MIND OVER MATTER
records in alphabetical order... Scripture verses in the dentist... belief as a prisoner on Robben Island...
(my script for Pause For Thought on Owain Wyn Evans BBC Radio 2 on March 19th 2026… the theme was mind over matter…)
A few years back I was supporting some friends on their bid to cycle from Land’s End to John O’Groats raising money for a good cause. I was the official driver and before you call me soft I was the first to get cramp. All that work on clutch, break and accelerator… got to get through the pain barrier. Often I would get ahead and park and watch the team struggle up the unrelenting hills. One time as I looked down on the road somewhere in the Scottish Highlands my friend Kristie, one of the team, cycled past. She looked up and said, “I am putting my album collection into alphabetical order.” Brilliant, I thought.
Kristie was battling from the physical and mental challenge and the mental boredom. And to help her get through, her mind went to her album collection, a good one might I add, to overcome the hurt and the tedium. Mind over matter.

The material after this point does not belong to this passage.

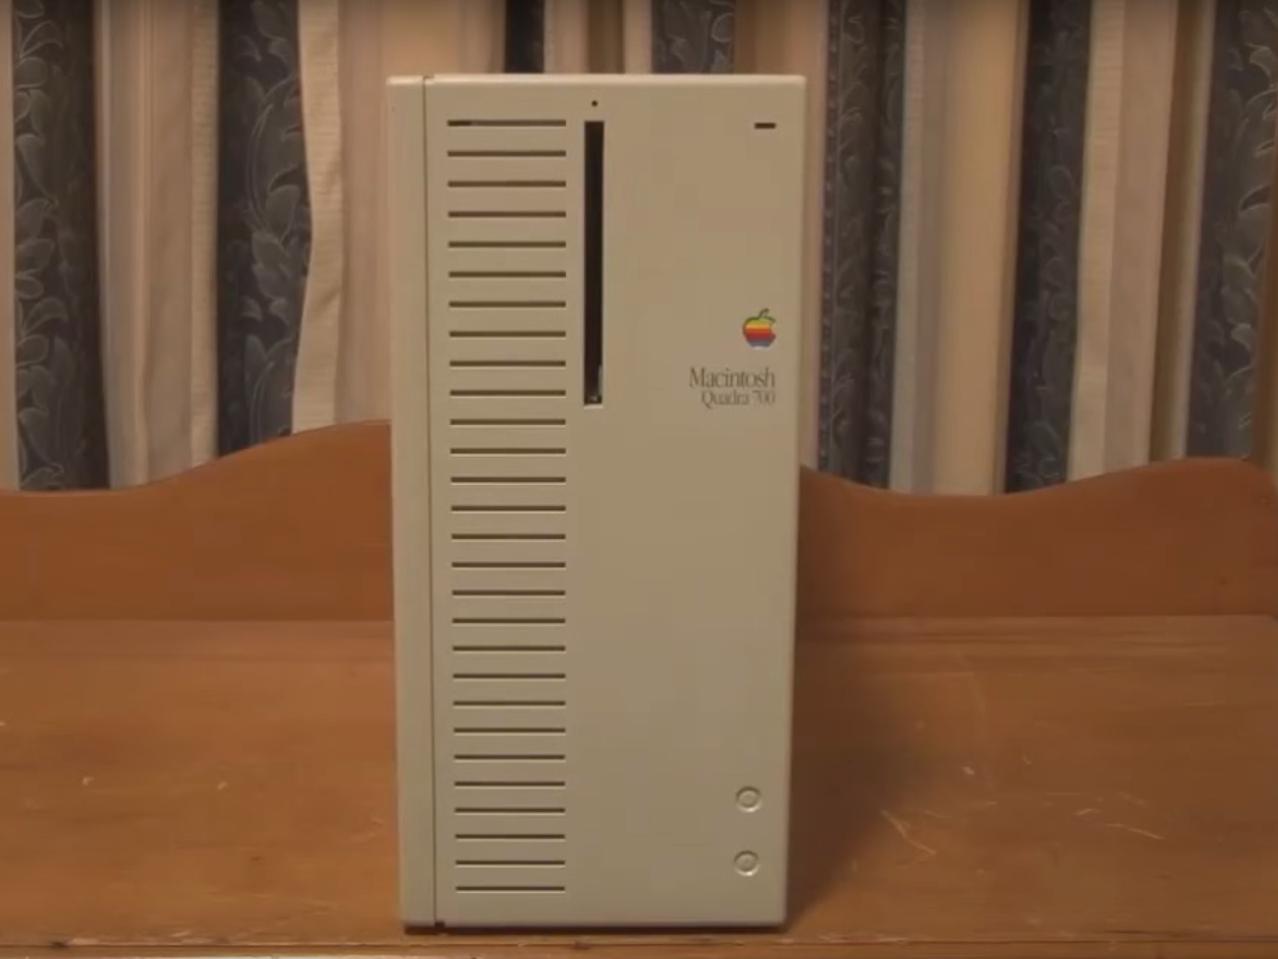 14位 Macintosh Quadra 700(1991年)、5700ドル
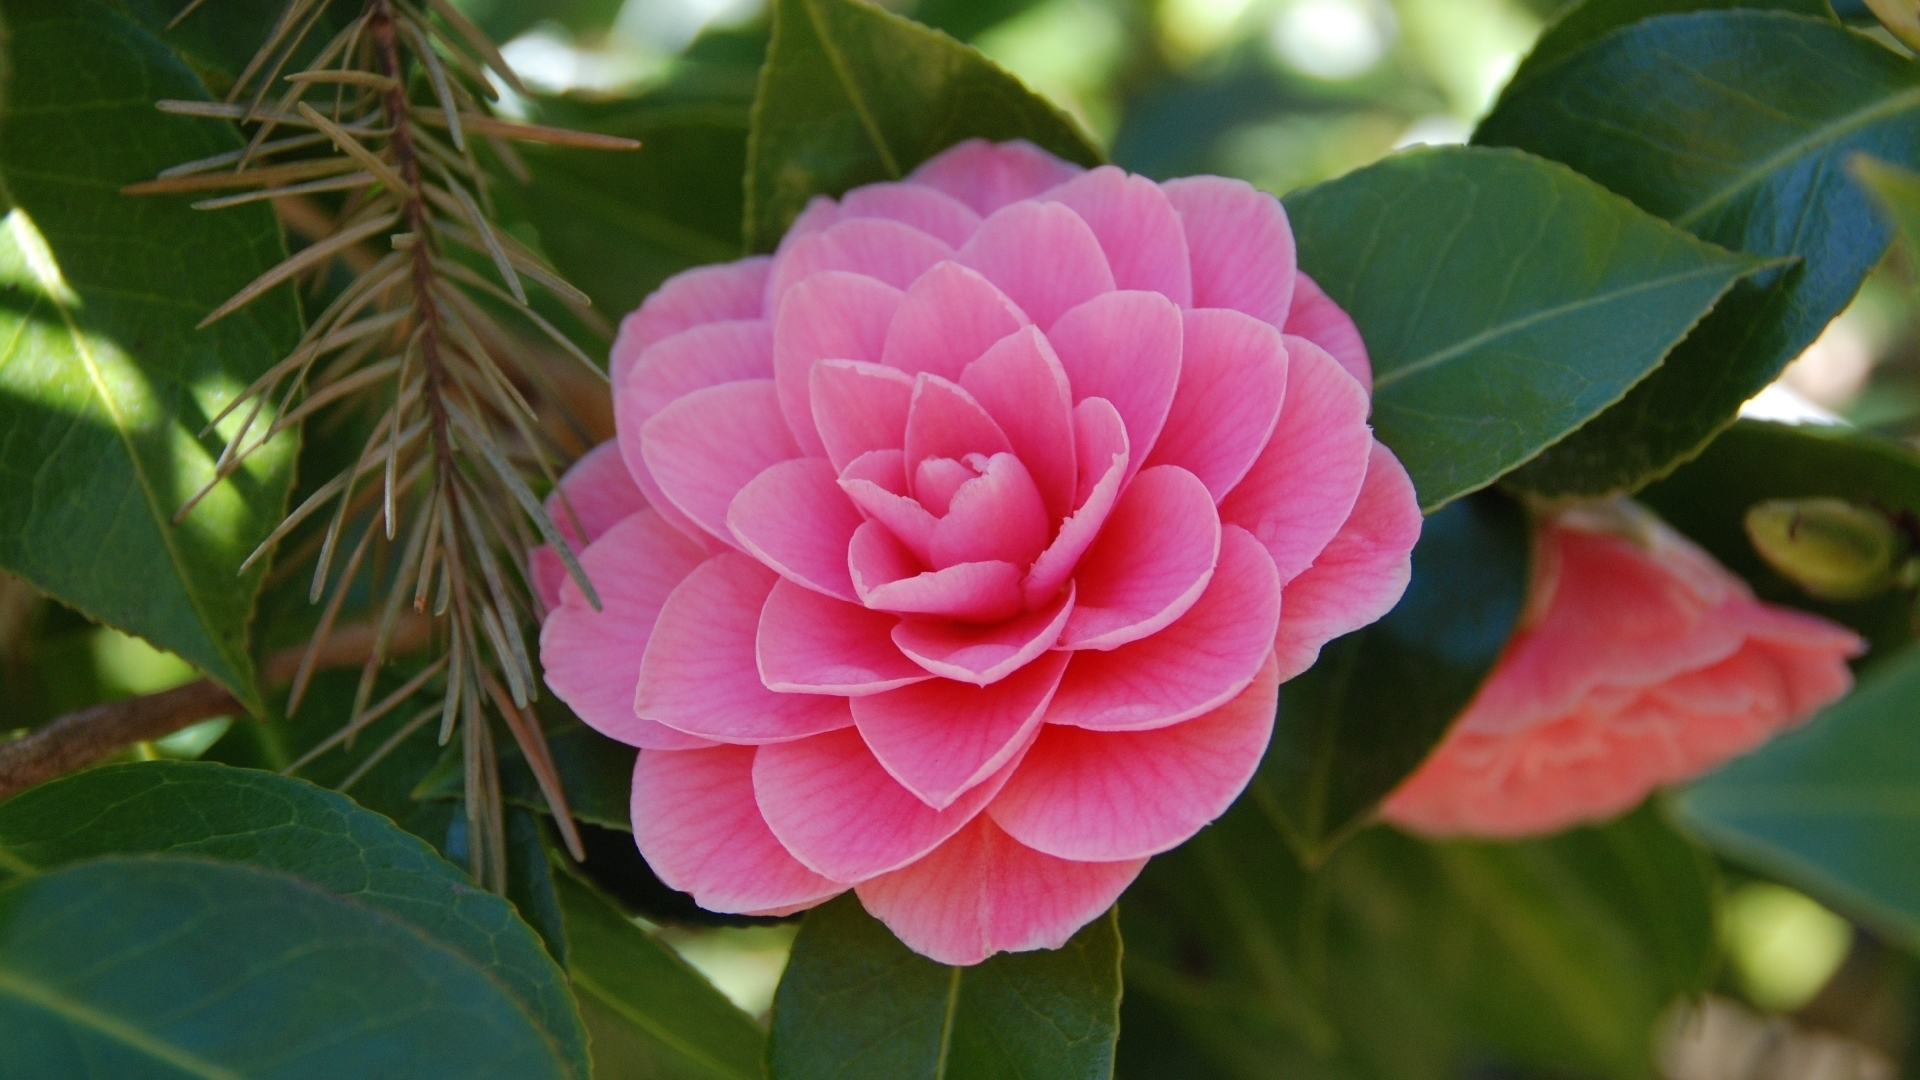 20169 скачать обои Растения, Цветы - заставки и картинки бесплатно

I play a similar game when I am in the dentist’s chair. As soon as that seat reclines, my eyes are closed and I am meditating on a verse of Scripture that I have thought about earlier. A favourite are these words of Jesus, “I have come that you might life and life in all its fulness.” Maybe that is soul over matter.
Best of all might be faith over matter. When I used to take University students to Cape Town, we’d visit Robben Island where Nelson Mandela was a prisoner for so many years. When you tour the island you spend time at the Lime Quarry where a former prisoner will tell you of the torturous tedium of hammering limestone into little pieces. While there they will tell you they started to study. English. Maths. Economics. Politics.
When you ask them why they would be studying under the strict white regime they would say, “We were getting ready for freedom before freedom came”. I marveled at their faith.
American writer and activist Jim Wallis called this “believing in spite of the evidence and watching the evidence change”. That happened to those prisoners. It happened to South African church leader Archbishop Desmond Tutu. It happened to South Africa.
As so many believed in spite of the facts before them, they not only believed but as they waited they got prepared for when things changed. That’s a faith I want to live.